• Sonuç bulunamadı

Atatürk’ün Yaşamında Öne Çıkan Kültür ve Eğitim Odaklı Deneyimler

2. ATATÜRK’ÜN EĞİTİMCİ KİŞİLİĞİ VE EĞİTİMSEL BENLİĞİNİN DEĞERLENDİRİLMESİ

2.1. Atatürk’ün Yaşamında Öne Çıkan Kültür ve Eğitim Odaklı Deneyimler

Atatürk, toplum hayatını ilgilendiren her konuda zamanla önemi daha iyi anlaşılan görüşler üretmiştir. Eğitim ise O’nun en yoğun çalıştığı alanlardan biridir. Çünkü O, bir milletin geleceği üzerinde eğitimin oynadığı rolü çok iyi bilmektedir. Atatürk’e göre, bir milletin hayat mücadelesinde, maddi ve manevi bütün güçlerini artırabilmesi, millî eğitimde yüksek bir düzeye erişmesi ile mümkündür. Ancak, millî eğitim ile geliştirilecek ve yükseltilecek olan genç dimağların, paslandırıcı, uyuşturucu ve hayali fazlalıklar ile doldurulmasından kaçınılmalıdır. Atatürk, Kurtuluş Savaşı’nın en zor günlerinde, Yunan ordusu Ankara’ya doğru ilerlerken bile eğitime verdiği önemi göstermiştir. 143

Dünyada ve Türkiye’de güncel eğitim sorunlarına yaratıcı çözüm arayışlarının önemli bir engeli, tarih cehaleti, yani güncel tarih etkileşimini sağlayacak nitelikli tarihi bilgi eksikliğidir. Bu sonuç, beşeri realite ve onun stratejik bir kesiti olan eğitimin tarihi karakterini kavrama noktasında bilinç eksikliği, bilhassa eğitim realitesini zaman kadrosu içinde okumaya imkân sağlayacak kullanışlı bir tarihi çözümleme modelinin geliştirilememiş olması ile ilgilidir.144

Atatürk’ün araştırma yöntemi çağdaş uygulama ile çok büyük bir benzerlik taşır. O'nun araştırma yöntemi şudur: Geçmişte Türk varlığı’ toplumun uygarlık tarihi içindeki nicelik, nitelik ve kimliğinin araştırılması, yaşayan Türk Milleti’ toplumun içinde bulunduğu ortamın koşulları ile sosyal ve ekonomik sorunların araştırılması, gelecekte Türk Milleti’ ilk iki araştırma verilerinin toplum kalkınmasında uygulanması için bir millî eğitim programı hazırlatmak. Atatürk Türkiye'deki sosyo-kültürel değişim uygulamalarında bu yönteme harfi harfine uymuştur. Önce Türk Milletinin tarih içindeki uygarlıklarını araştırmış, buradan aldığı bilgilerle yaşayan Türk Milletinin sorunları üzerine, “Kurtuluş, toplumsal yapıdaki marazı teşrih ve tedavi etmekle elde edilir” diyerek eğilmiştir. 145

Atatürk’ün yetersiz bulduğu ve eleştirdiği geleneksel eğitim yaptığı eleştiriler, başlıca şu üç ana noktada özetlenebilir:146

143Cemal Avcı, Atatürk ve Eğitim, s: 356.

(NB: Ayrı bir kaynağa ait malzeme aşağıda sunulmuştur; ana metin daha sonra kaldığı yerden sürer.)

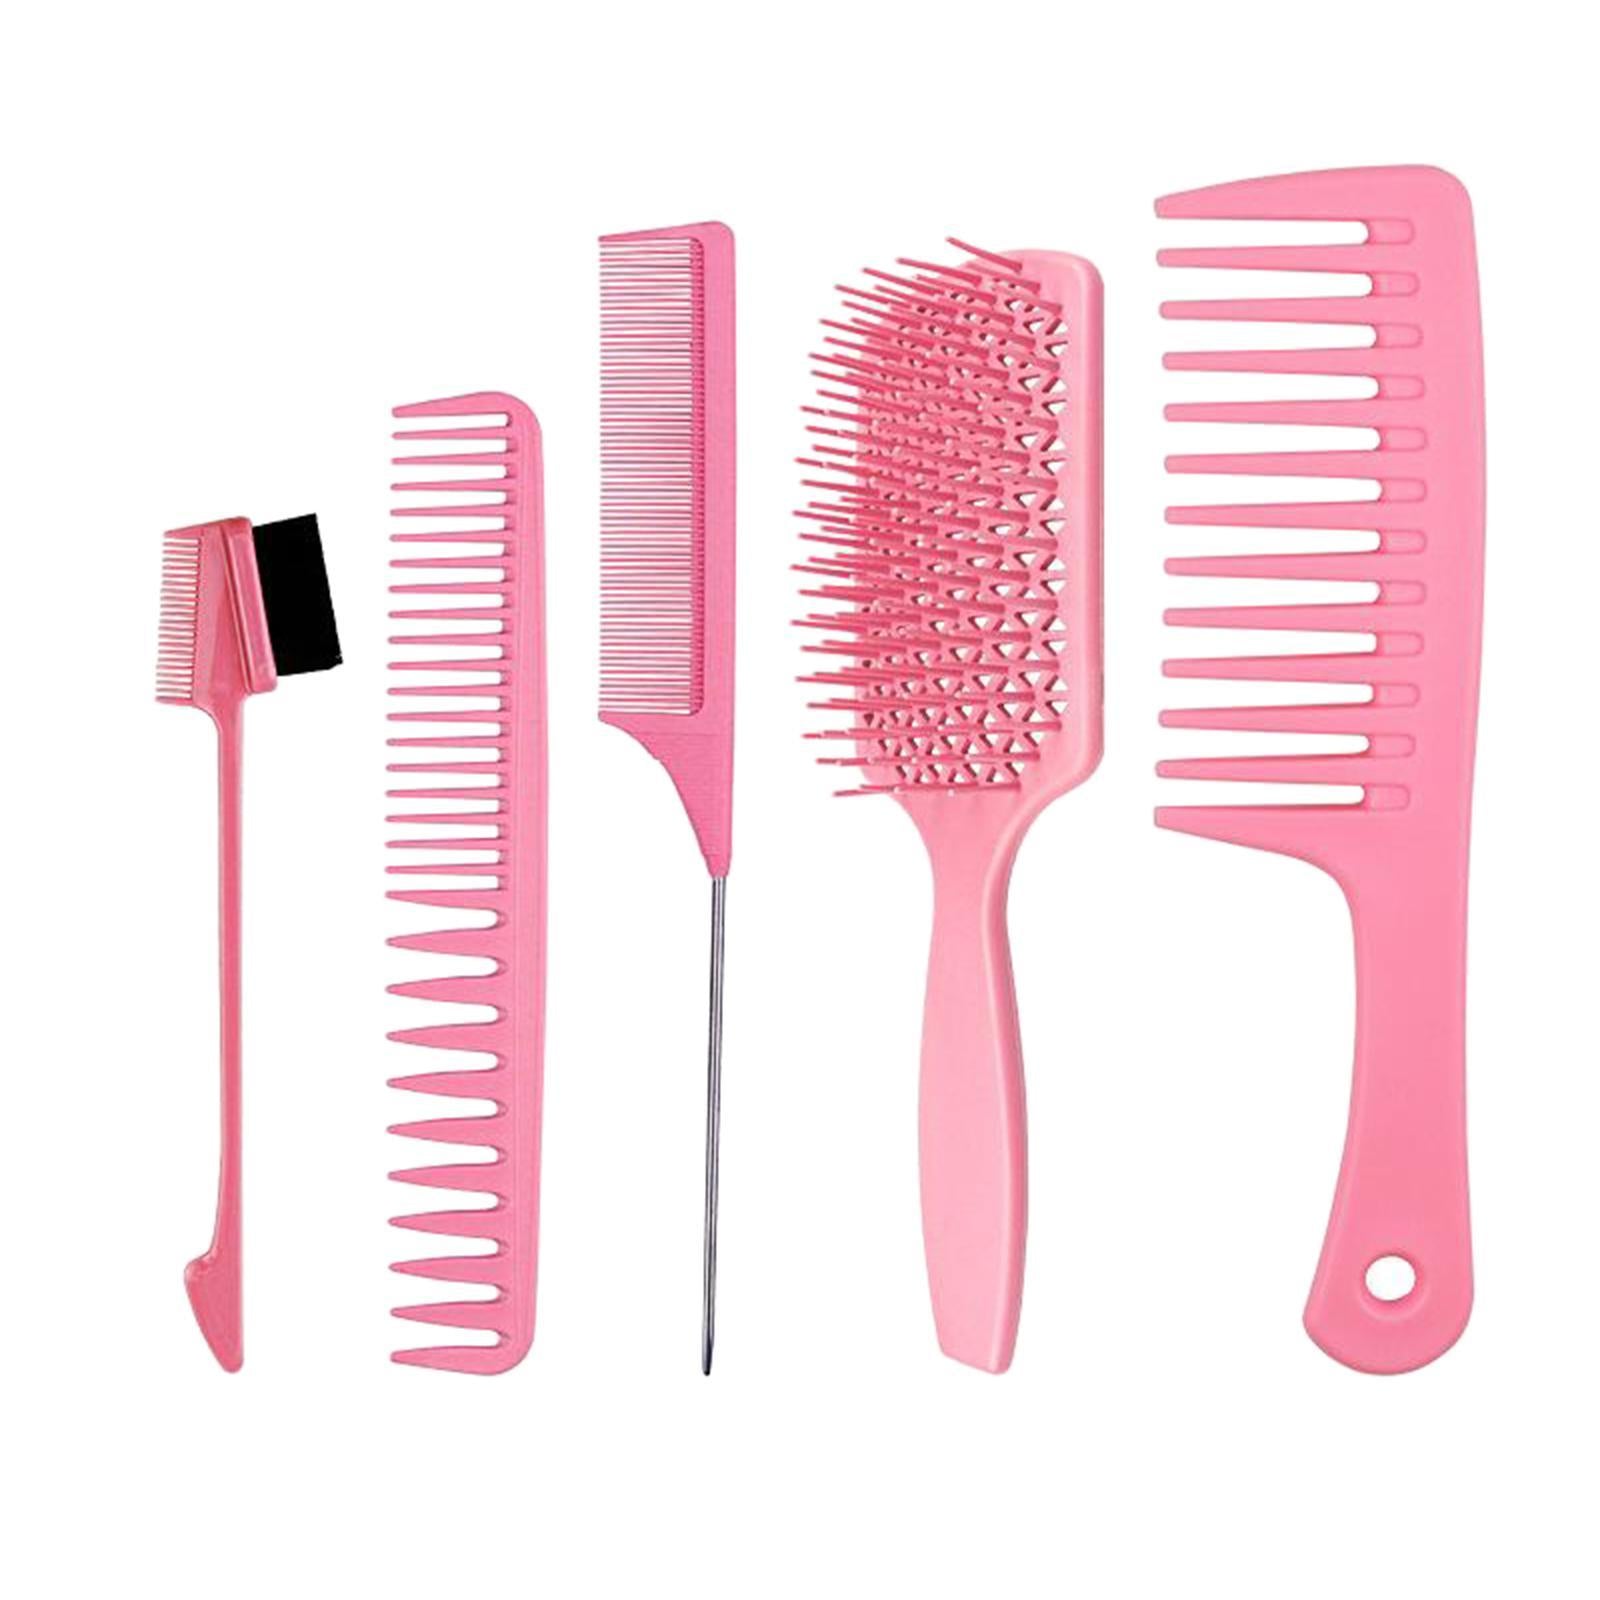 1Set Salon Hair Styling Plastic Barbers Brush Combs Set Pink

144Hasan Akgündüz, Eğitim Sorunlarına Tarihsel Bakış Yöntemi, s:112. 145Gürbüz D. Tüfekçi, Atatürk’ün Düşünce Yapısı, s: 200.

- Geleneksel eğitim, hem kurtuluş sistemi hem de özü yönünden millî değildir. Bu eğitim millî dil, millî tarih, millî sanat yani topyekûn millî kültürün gelişmesine uygun değildir. Bunun gelişmesini engellemektedir. Bu ise, millî benlik duygusunun zayıflamasına yol açmıştır.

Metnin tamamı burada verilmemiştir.